Perhaps it’s best we remind ourselves that this great nation of ours, this shining city upon a hill whose beacon of light guides freedom-loving people everywhere is also the very same country where our second president, John Adams, passed the Alien and Sedition Acts, four laws which were used to impose fines and jail time on people critical of the Adams Administration. Completley unconstitutional and yet it was the law of the land until it expired at the end of Adam’s term.

Perhaps we should also remember that this is the same America where our most beloved president of all presidents, Abraham Licoln, closed newspapers and jailed editors who sympathized with the South.

We’d be well served to also recall that this is also the same America that was home to the authoritarian rule of President Woodrow Wilson and his Sedition Act of 1918 which forbade the use of “disloyal, profane, scurrilous, or abusive language” about the United States government. With a definition like that, you can nail pretty much anyone you want, can’t you?

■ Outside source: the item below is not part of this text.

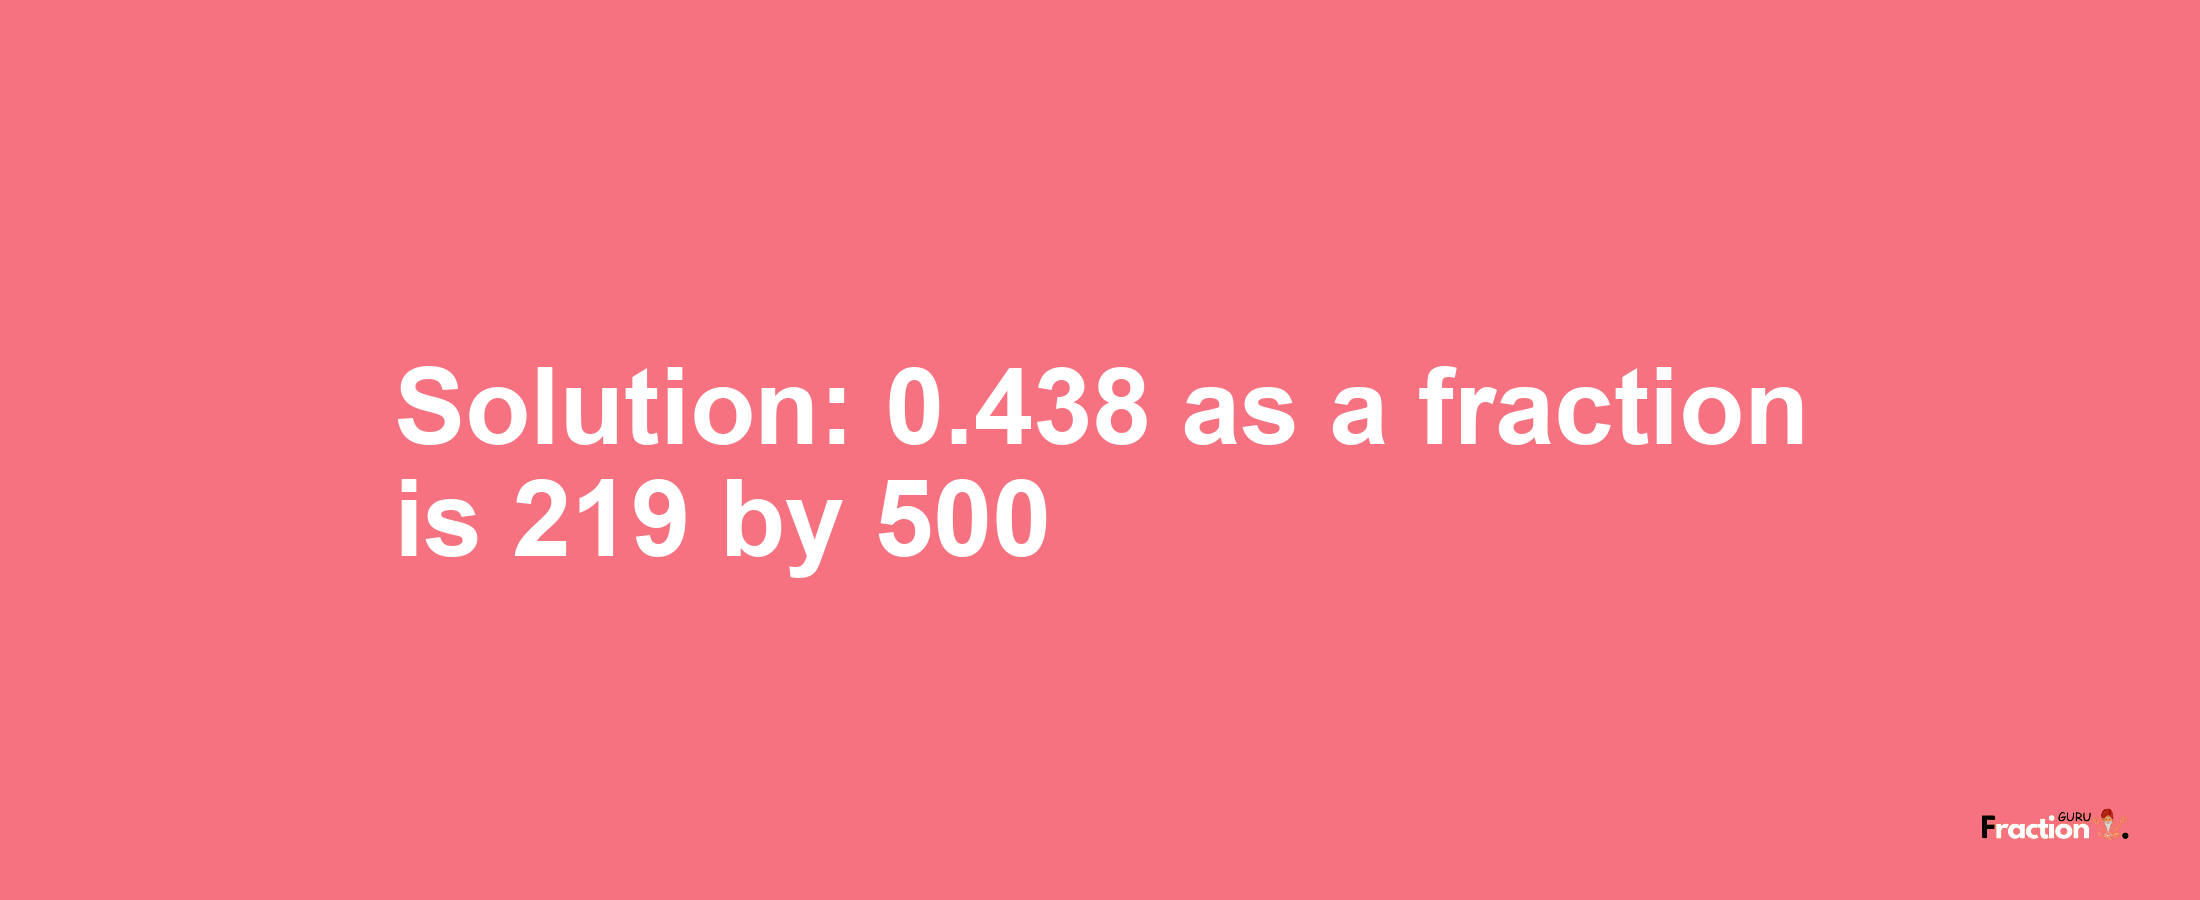 Solution:0.438 as a fraction is 219/500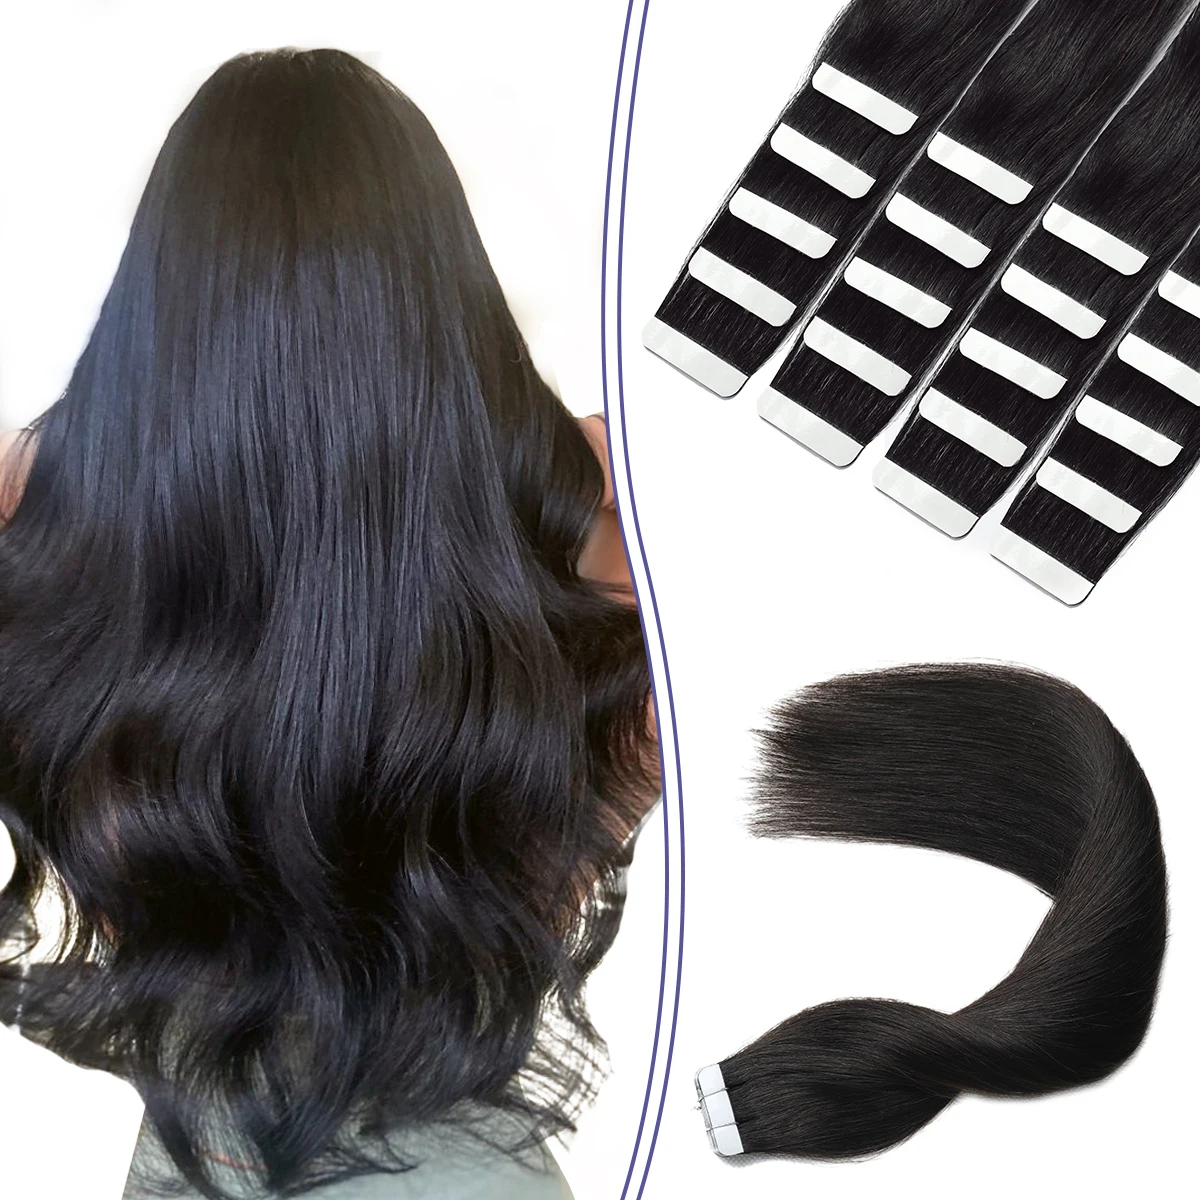 

Tape in Human Hair Extensions Natural Black#1B Color Real Human Hair Extensions Tape in Hair Soft Skin Weft Straight

Or for more recent history, simply look back on the 2008 campaign where we saw an American news media that was “90% in the tank for Barack Obama.” Those aren’t my words, by the way, those are the words of the former Chairman of the Democrat National Committee, Terry McAullife. The media was so head over heels in love that “the coverage of Barack Obama was embarrassing. It was an embarrassment.” Again, those aren’t my words, those are the words of former Democrat Governor of Pennsylvania, Ed Rendell, one of the greatest stalwarts of the entire Democrat party. So with 90% of the media in their back pocket, surely you’d think the Obama Administration would be nothing but thankful. Far from it – if you look at all the sniping, griping and complaining the Obama Administration has aimed at Fox News, you’ll see that for this administration, even one questioning voice is one voice too many.

So don’t ever imagine that things would be completely different here with OUR government in control of Internet vs. the reality of every other country where the government controls the Internet. Don’t think it’s laughable to suggest we could end up like China, that it couldn’t happen simply because… well, we’re Americans!

Don’t fool yourself into thinking that the governments of countries like Venezuela, Iran and China putting the clamps on their people’s use of the Internet is something totally different and that government control of the Internet could never end up like that in OUR country, because we’ve already seen the kind of authoritarian intolerance for public dissent from our own government many times in 230 short years of history.

Why even put our government in a position where it can be seduced by its own authoritarian temptations in the first place? It’s like driving a crack addict all around the neighborhood where he used to score and then dropping him off at the corner. Net Neutrality is a recipe for an Orwellian Nightmare, pure and simple, and we, as citizens, should do everything humanly possible to keep this great government of ours far, far away from the seductive idea of putting itself in control of the Internet.